I think that the responsibility always rests with the management. Most admins are likely to be overwhelmed with a specific legal issue.

No, that’s a tightrope walk, where the details matter. There are legitimate interests in CDRs. However, the connection data may not be resold at will without the consent of the persons concerned. It could even be that they are sometimes not allowed to be sold at all. SIP without TLS usually doesn’t violate the GDPR.

It’s not about encrypting everything, but about transparency about what is done with the personal data and how. There may also be opportunities to object.

In any case any idea good or bad should be evaluated individually by a companies compliance officers, lawyers etc. The GDPR is 261 pages of legalese and I am no lawyer. Honestly I run mostly on bullet points handed down to me by people who read this stuff. Note those people aren’t the ones who passed it I am sure. At the end of the day a good business analyzes all data to make business decisions and this adds a layer of data. While it isn’t ideal to give more data to google, they already know more about us than the NSA so at this point its a wash. Hell the call is likely made on a device they make some component of so…

Actually GDPR only relates to personally identifiable information, so you would need to be recording not only the number but also other information that points to an individual. I’m so fed up with people incorrectly spouting GDPR without actually knowing what it means. Whilst I haven’t looked at the specifics of the tool I don’t think GDPR has anything to do with it.

The number is an identifier in itself. When they called is information associated with that number.

The reason, that at least in the UK, we are continually plagued with cookie permission prompts isn’t because anyone can get from a cookie to name and postal address, but because you can build a profile based on the person using that cookie.

A cookie is completely different from a telephone number, cookies can gather more information than you can potentially get from a number on it’s own. The whole point of tracking cookies is to record beyond what you original went to a website for. GDPR DOES NOT APPLY in this case.

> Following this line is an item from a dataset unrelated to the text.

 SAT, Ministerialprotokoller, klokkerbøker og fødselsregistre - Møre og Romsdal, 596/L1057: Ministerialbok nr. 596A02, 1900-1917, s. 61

Every private phone number counts as personal data and is therefore fundamentally subject to data protection.

According to data protection, the storage, use, processing and disclosure of a phone number is only permitted if the person concerned agrees to this, if a law legitimizes this or if the data is publicly accessible.

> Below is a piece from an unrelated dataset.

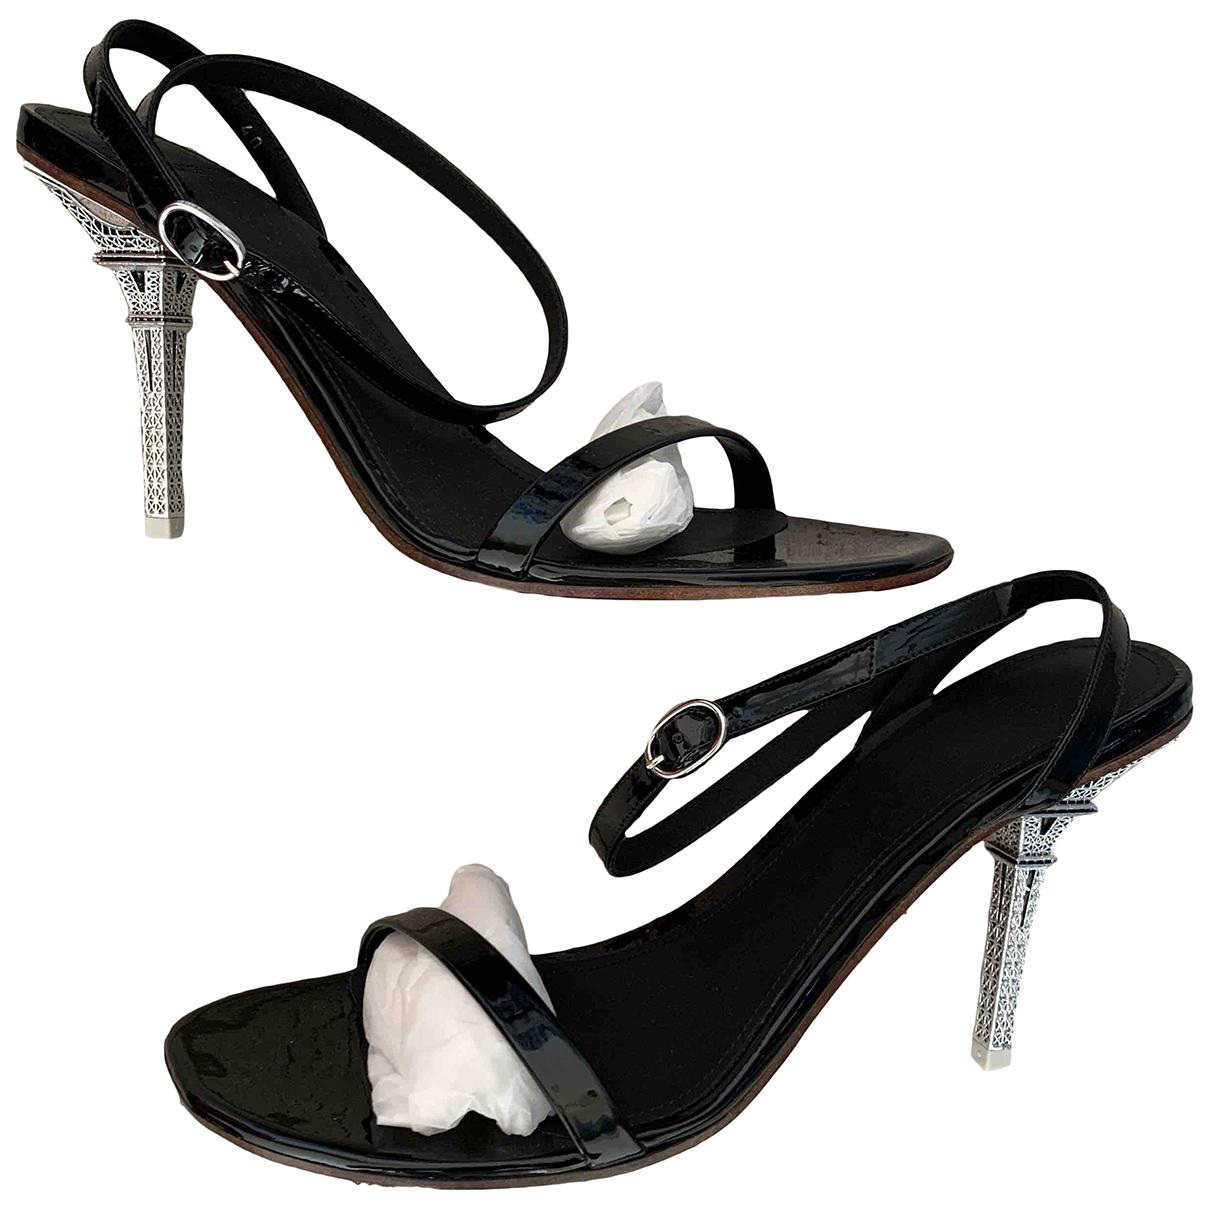 Sandalias romanas de Cuero Vetements

This is an almost literal translation from official websites that I found in France and Germany. As a rule, a layperson has difficulties to analyze the situation because there are sometimes permissible exceptions in.

If Google Analytics is involved, the answer is arguably a little easier. GA is already subject to restrictions in some countries. In Germany GA can only be used under severe restrictions if it is not already prohibited (websites of public administrations in Brandenburg).

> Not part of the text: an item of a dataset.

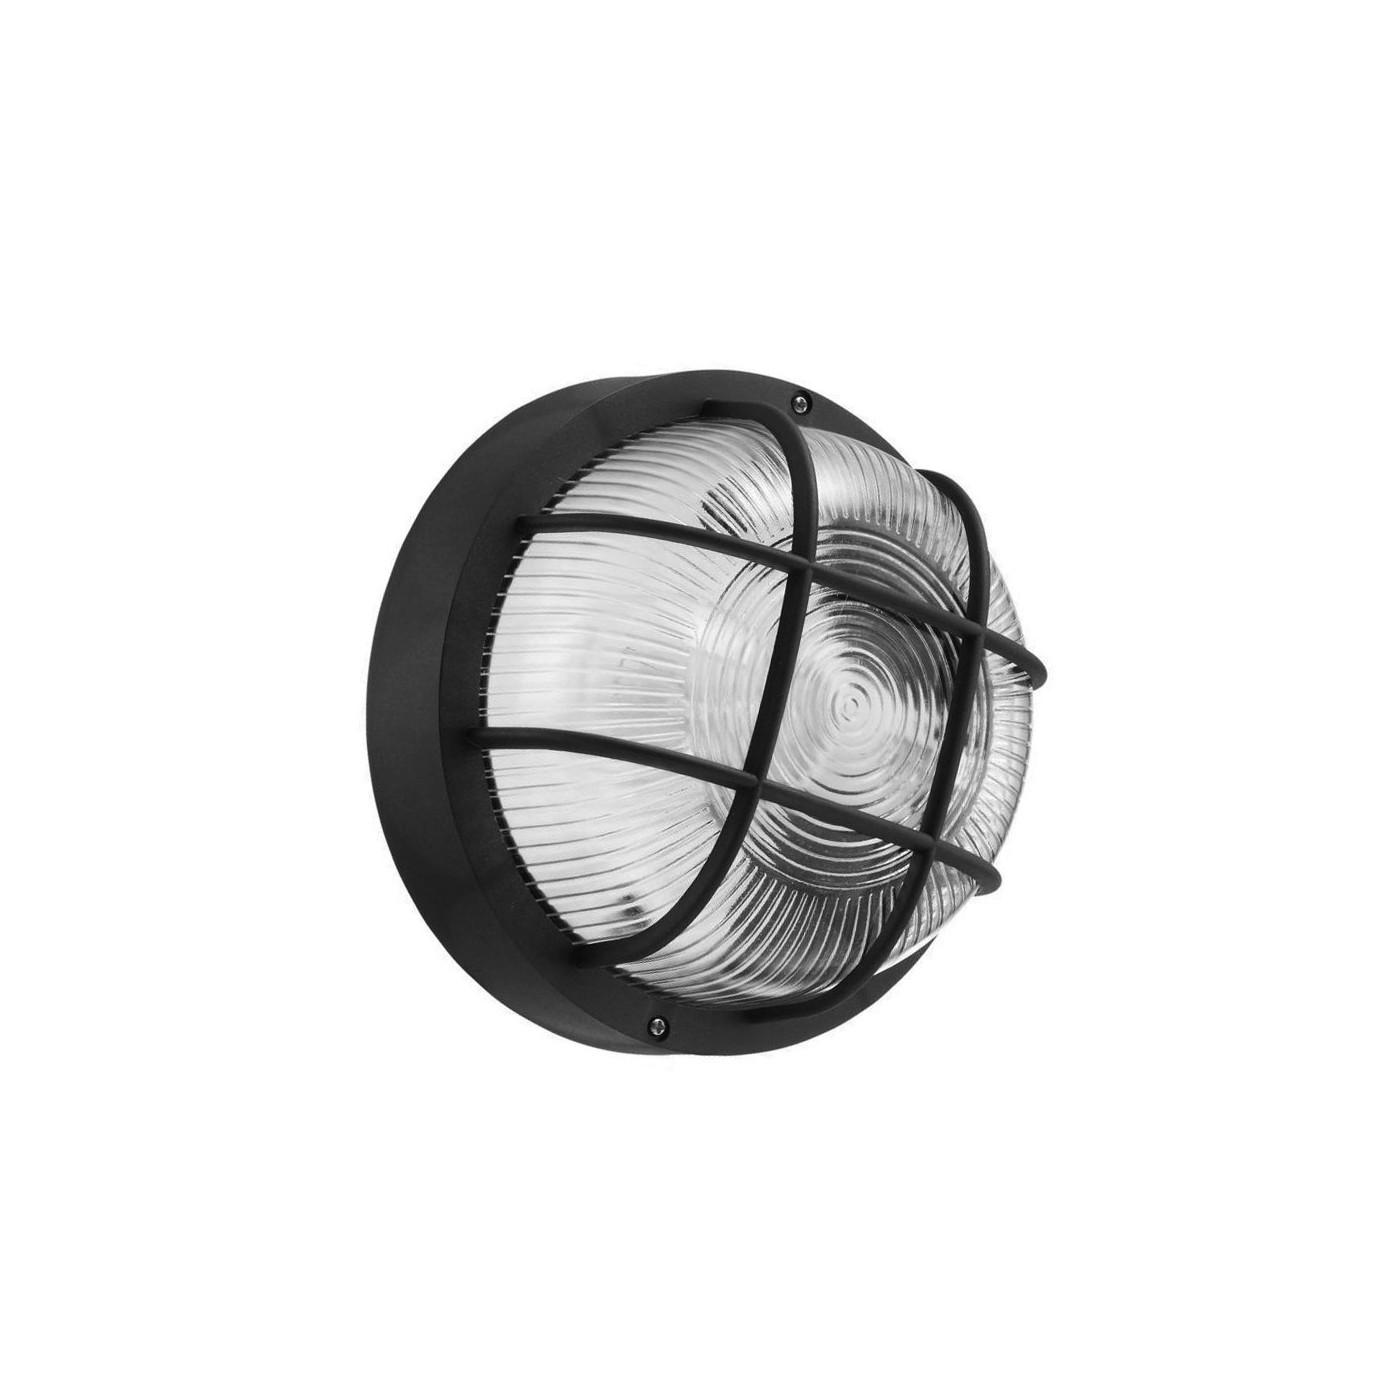 Round bullseye (bulleye) outdoor lamp, black E27

Regardless of this, some Google services in the United States are also suspected of violating privacy rights, such as the threatened class action lawsuit in San Jose from May 6, 2021 shows.

If the data from the most diverse sources is brought together (and Google is suspected of doing so), then a person will fundamentally be transparent. It’s not about an algorithm that just prepares this or that nicely, but about microtargeting, where people are only given the information they are receptive to. This requires the most extensive data collection possible. Ultimately, it is about a political dimension that does not belong here. But if false claims are made, or these services are presented as normal or desirable, then one should not be surprised at counter-speech.

You are also wrong in your assessment of the telephone number. If you read the post Calls Hanging UP from last week, then you can easily derive from the thread which company, including telephone number, address data, and more is meant. The writer wasn’t really paying attention. Basically, every interesting element of a SIP header could be passed on to Google for further processing.

For us this means that we have a problem when we offer small telephone systems and the customer believes that the device spies on him. It just doesn’t make sense to offer devices and services here anymore.